• _PROVIDED DATA_
***

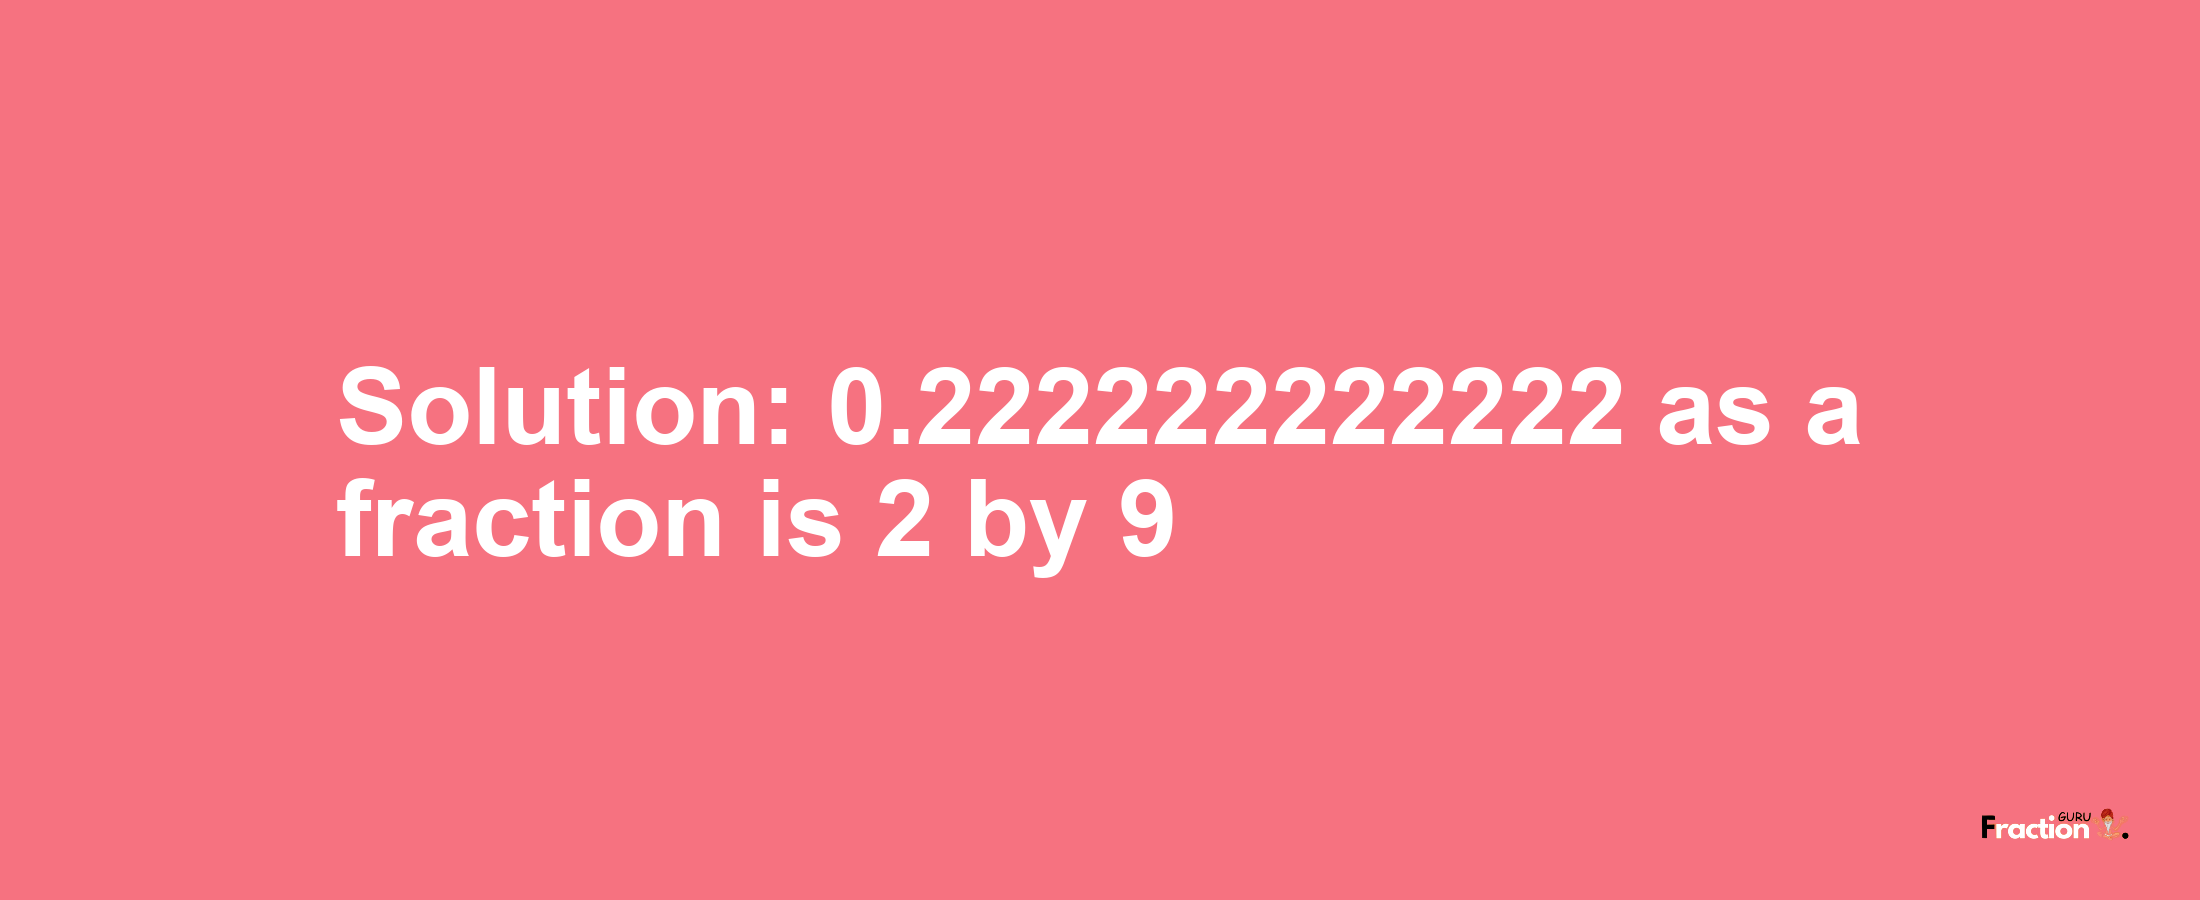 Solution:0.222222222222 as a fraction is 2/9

***

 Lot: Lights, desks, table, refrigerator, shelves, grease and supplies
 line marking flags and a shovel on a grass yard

***

• _TASK DETAILS_
All lines above from the line with "Lot: Lights, desks, table, refrigerator, shelves, grease" through the line with "line marking flags", both included, are to be set down exactly, with nothing else.

• _RESULT FOR THIS TASK_
 Lot: Lights, desks, table, refrigerator, shelves, grease and supplies
 line marking flags and a shovel on a grass yard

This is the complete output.